I'm Paul, and if you are like me then you find regression settings confusing and hard to remember.
So here we will perform regressions in Excel using both the standard
Excel regression functions and then with the more-flexible
=LINEST()
method. We will walk through
the procedures first and at the end we will interpret the results.
If you would prefer to see a web page for the video transcript and key Excel formulas the first link in the video Description will take you to it. There will be a lot going on here so you will also find links so you can zoom straight to the section you are interested in.
Let's cover the plan for the day.
First, we cover uses cases for the three ways to run linear regressions in Excel.
Second, we start with an exercise using the function method and discuss its default parameters.
Third, we explore how =LINEST()
allows
us to customize regression output.
Fourth, we combine =INDEX()
with
=LINEST()
to specify statistics from an
output array.
Fifth, we will interpret all of the resulting tables we create.
And in our next episode we will use these functions to set expectations for stocks using CAPM.
Let's kick off Step 1 with those three different methods for getting regression data out of Excel.
Now let's discuss why, how and when you would use each method.
Let's start with standard regression functions in Excel.
With functions like =SLOPE()
and
=INTERCEPT()
we can pull common
regression statistics on a cell-by-cell basis. Others include
=CORREL()
,
=RSQ()
which is R-Squared, or
correlation squared, and
=STEYX()
which is the standard error
for the regression.
The benefit of functions is that they are quick and easy to memorize. Also, as we saw in the tutorial on Time Series Modeling functions like this can be arranged down columns so you can monitor changes over time. These are called rolling regressions.

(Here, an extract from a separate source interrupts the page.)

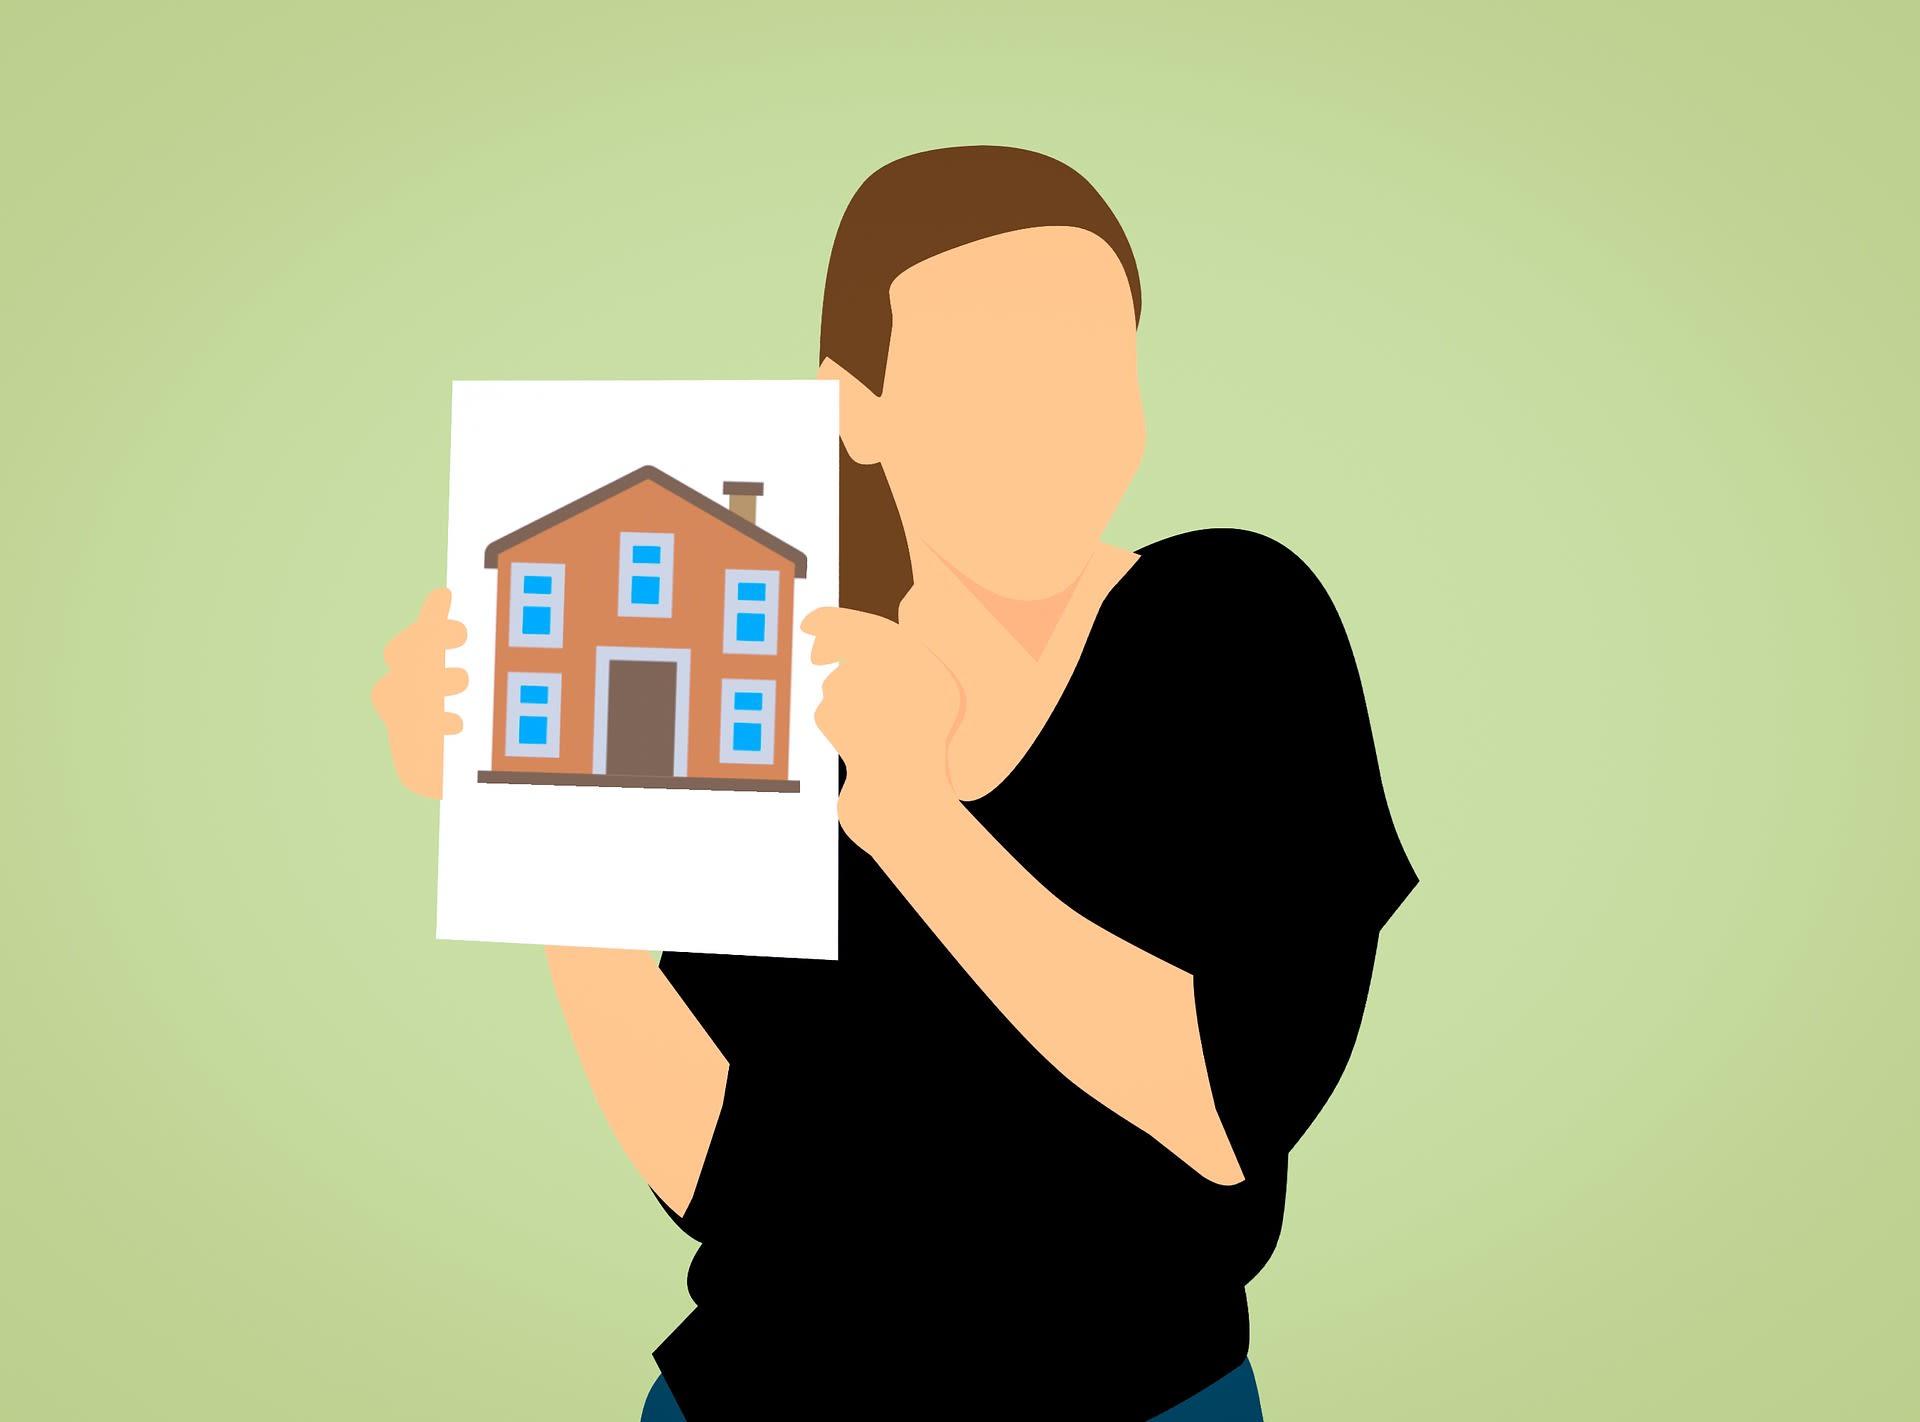 Peut-on faire un achat immobilier sans CDI?

The downside is that these functions do not give you the option to customize a regression without the intercept, or constant. While in most regressions using the intercept is appropriate, sometimes we need the flexibility.
This takes us to the Data Analysis method which is very flexible and is useful for pulling detailed regression statistics in a very customized way. Plus it gives you the option to inspect and chart what are called residuals, which can be helpful for spotting errors in the data.

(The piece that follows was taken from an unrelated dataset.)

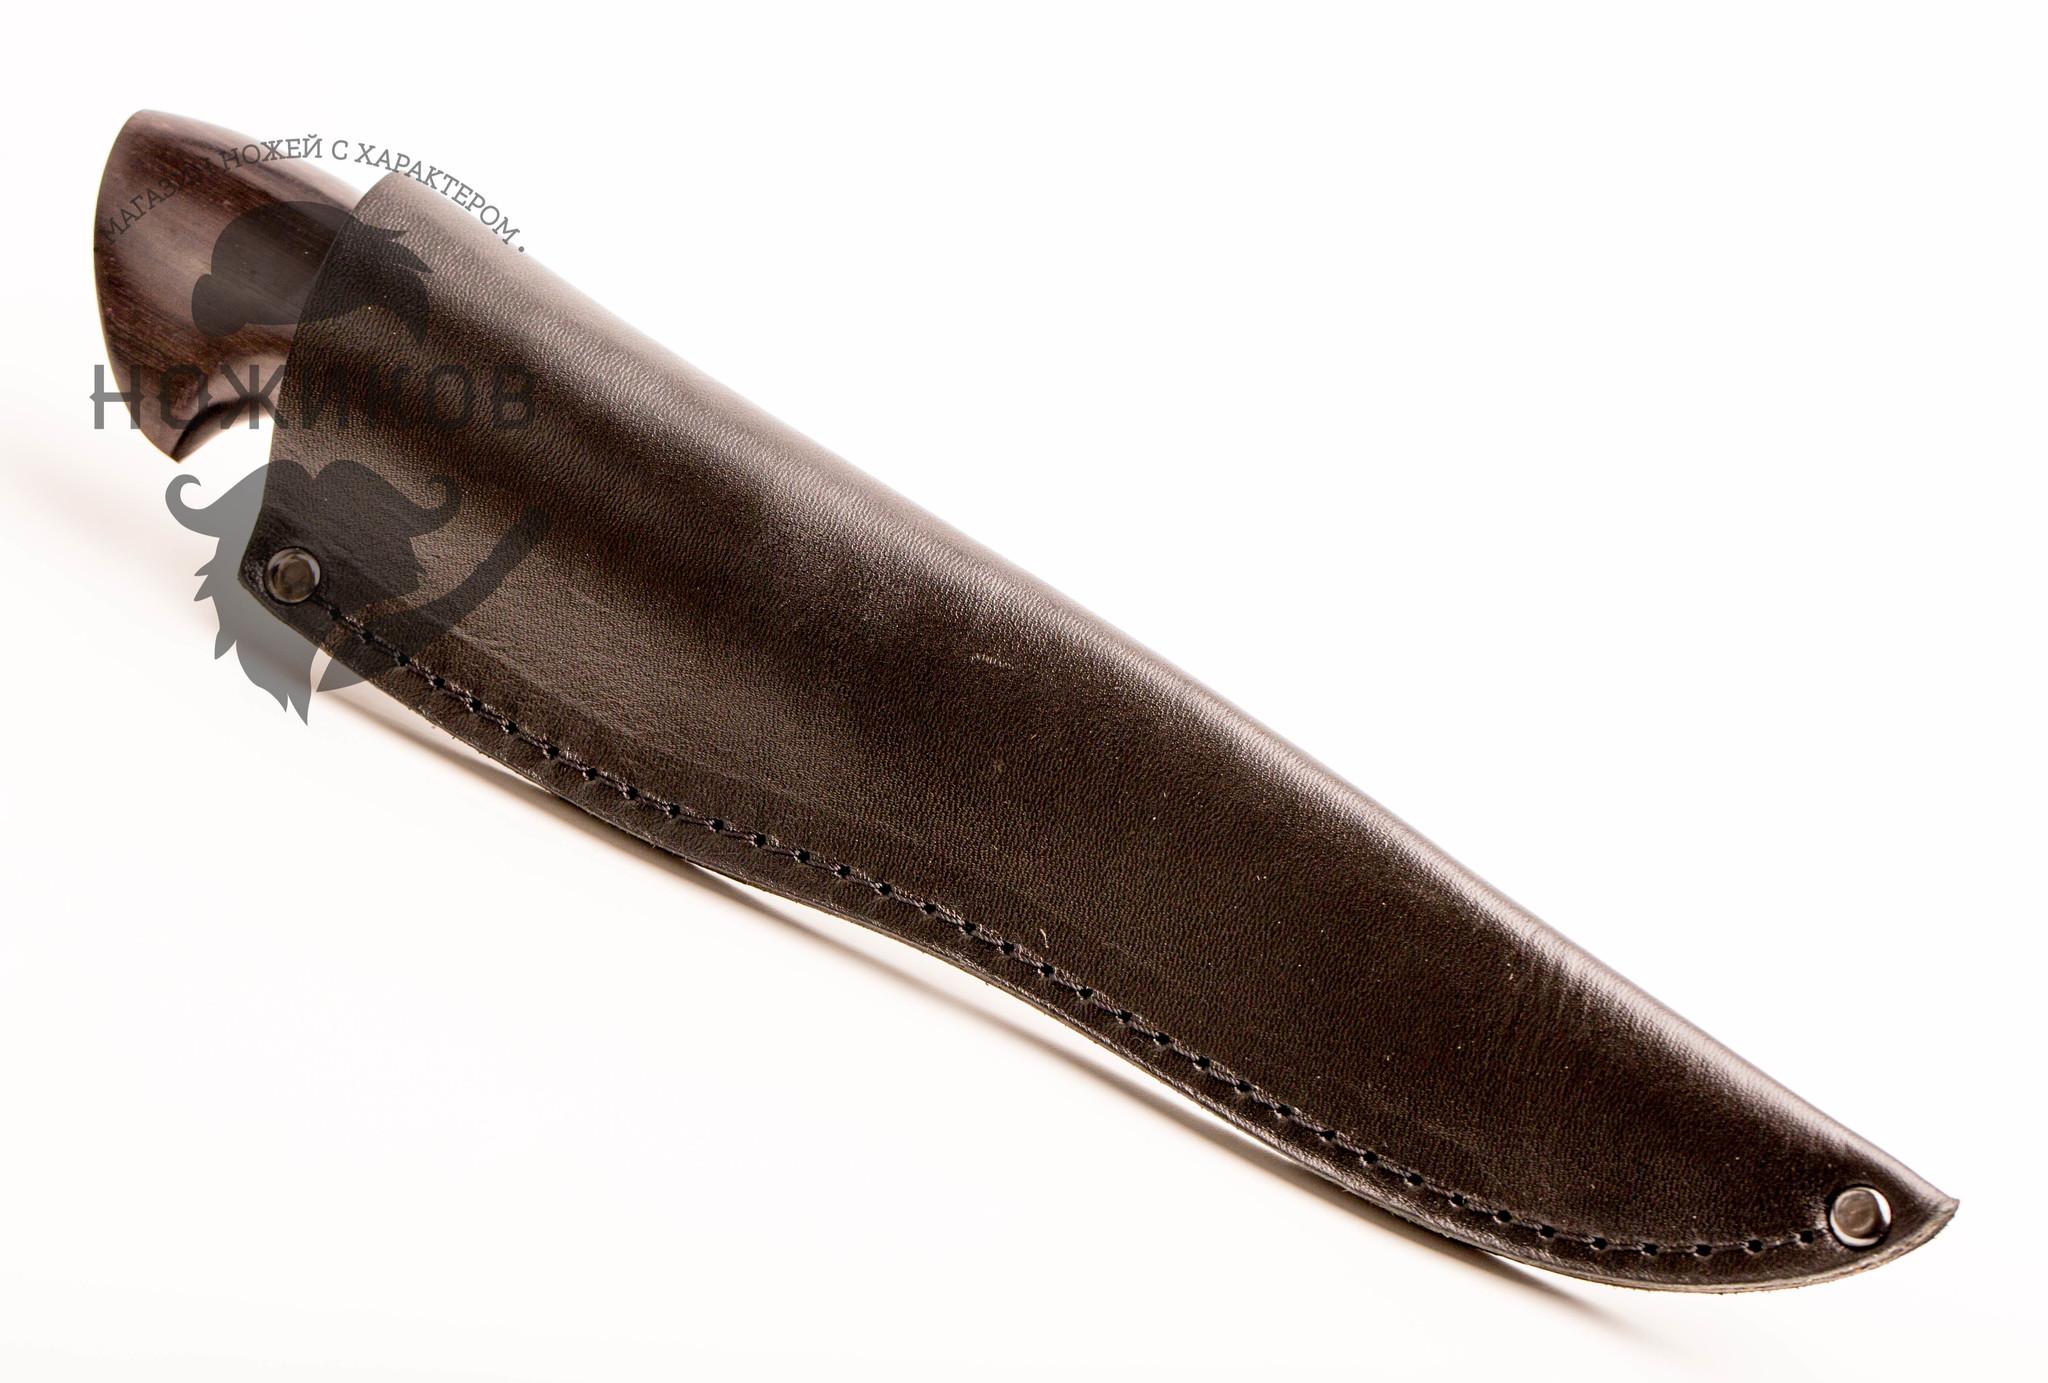 Фото 11 - Нож Якут булат, граб от Мастерская Климентьева

The drawback here is that Data Analysis in Excel requires that you to output a large block of data in your spreadsheet. This is good for one-time regressions, but makes it more difficult to see statistics change, like when analyzing rolling regressions mentioned earlier.

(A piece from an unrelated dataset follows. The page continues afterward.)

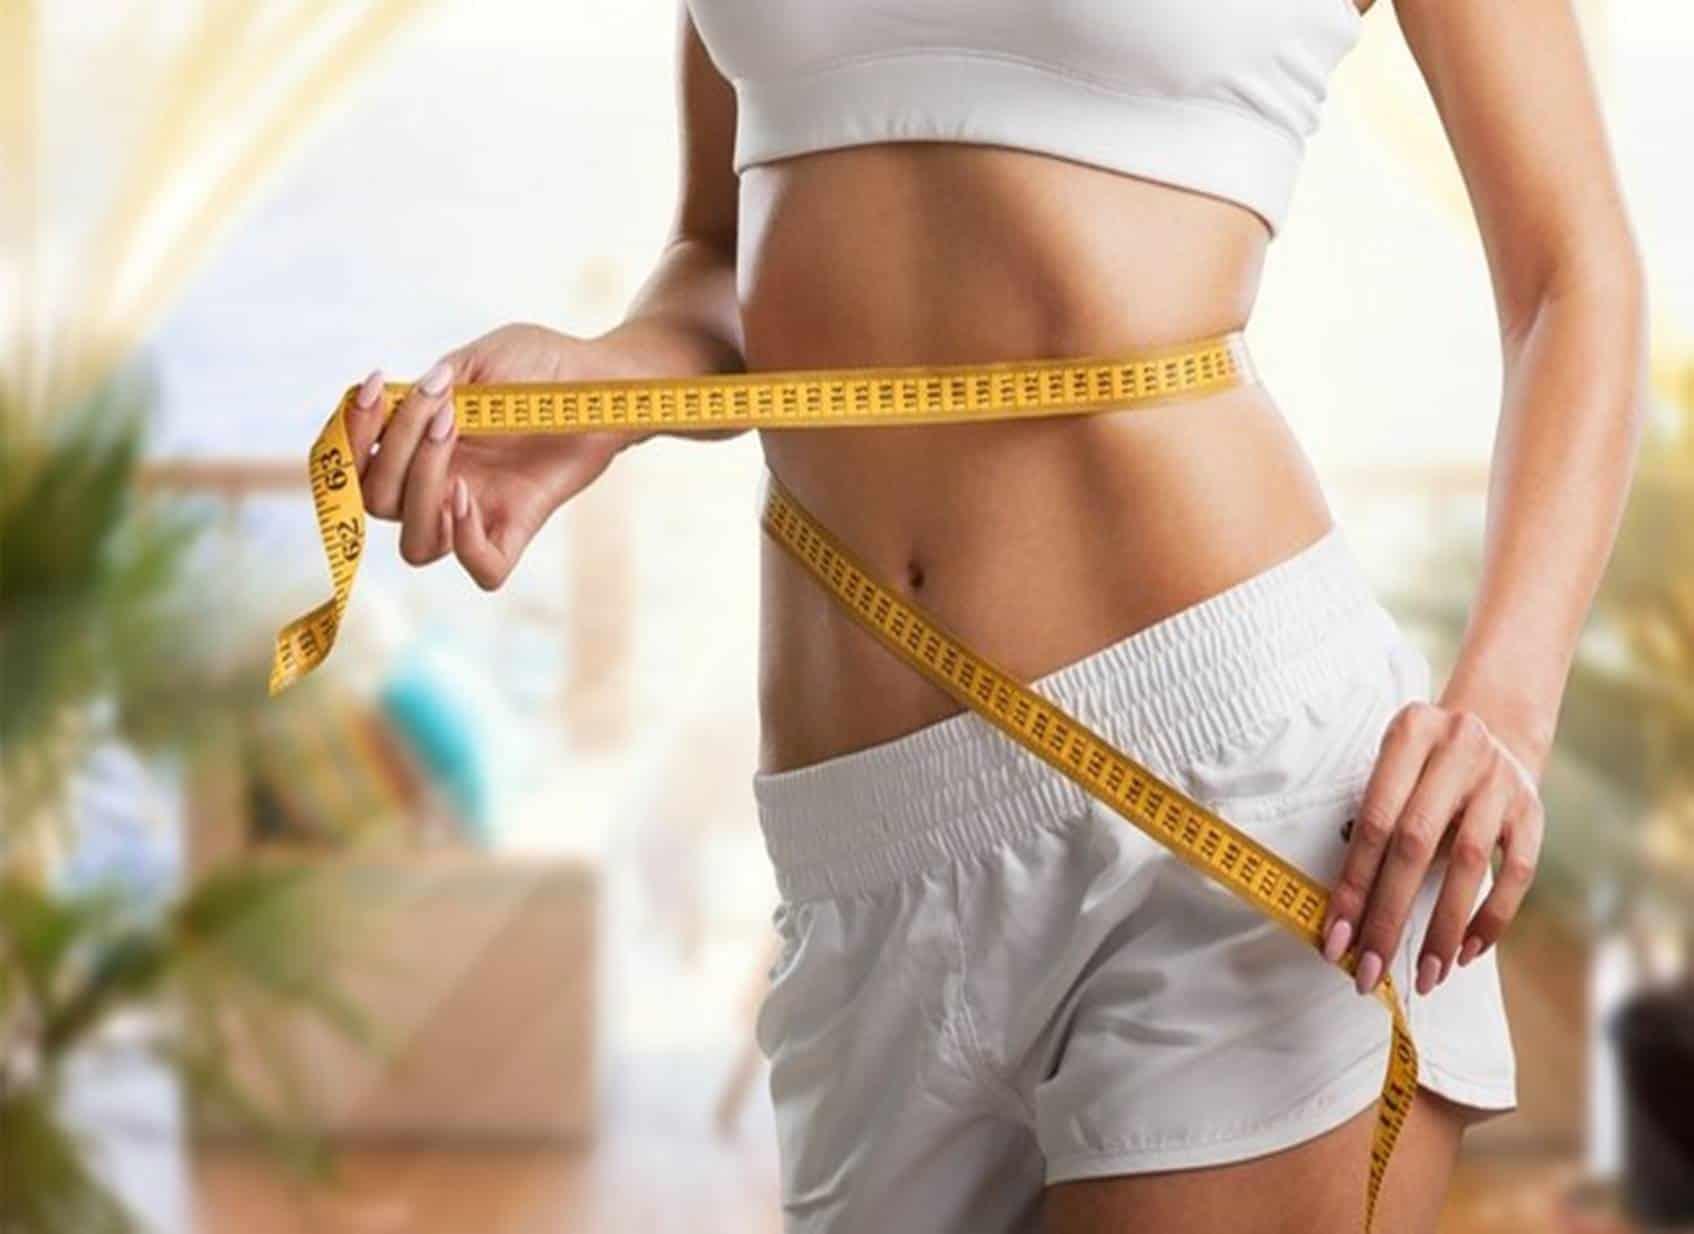 Emagreça mais de 4 kg fazendo a dieta da canela corretamente

Most people learn regression in Excel by reading the Data Analysis ANOVA output so in another tutorial we walk through each of the regression statistics. It has been my experience that interpreting ANOVA output is confusing which is why we will demystify that there.
The =LINEST()
function method is the
most flexible function to access regression statistics. It allows you
run regressions and pull statistics in place rather than using a large
output block. It also allows you to include or exclude the intercept.
Also, when combined with the =INDEX()
function you can set up columns for rolling regression measures, as
we will see in the next tutorial.
The drawback here is that you need to understand the output and how to pull out the appropriate statistic, which is tricky, so we will nail the procedures in Step 3.
Now for Step 2, let's practice with real data, starting with the function method.
We said standard functions weren't as flexible, meaning by default the regression is run with an intercept. This works fine in our first example here because we want the intercept anyway.
Here our focus is on the financial modeling of stocks, but of course this works with any type of data where you require the intercept.
Specific to our data set here, in our last tutorial on the CAPM model we left off with two unanswered questions and here in Exercise 1 we prepare a table to answer the first one, later in Step 5.
For the regression we used a small 24-month sample data set for a regression of returns on the Market as our x-variable and returns on the stock Merck as the y-variable.
Let's grab the visual on our Returns data tab to see the data we used. We have a table with Monthly Raw Returns that can be downloaded sign-up free as shown in our System Setup tutorial.
From that we calculated Excess Returns which here is the raw return on each stock and the Market minus the risk-free rate of return in column H.
Let's now run through the instructions for Exercise 1.
Let's grab data using the convention of naming ranges because it will speed this up.
Start by highlighting the range from F7:F30 and in the
Name Box type MRK_r24
for Merck. Then from G7:G30 name it
Market_r24
.
Now for excess returns highlight the range from N7:N30
and name it MRK_e24
and name
O7:O30 Market_e24
.
Now, returning to our table, in cell G9 for the slope
we can use the formula
=SLOPE(MRK_r24,Market_r24)
giving us a
beta of 1.431 using raw returns.
We can use
=SLOPE(MRK_e24,Market_e24)
in cell
H9 to find the slope of Merck with excess returns of
1.427.
F | G | H | I | |
---|---|---|---|---|
8 | A. Raw Return With Intercept | B. Excess Return With Intercept | ||
9 | Slope | 1.431 | 1.427 | =SLOPE() |
10 | Intercept | -0.024 | -0.024 | =INTERCEPT() |
11 | R-Squared | 0.548 | 0.547 | =RSQ() |
12 | Std. Error | 0.067 | 0.067 | =STEYX |
From there you can use the functions indicated to populate the rest of the table. Again, we will return in Step 5 for an interpretation.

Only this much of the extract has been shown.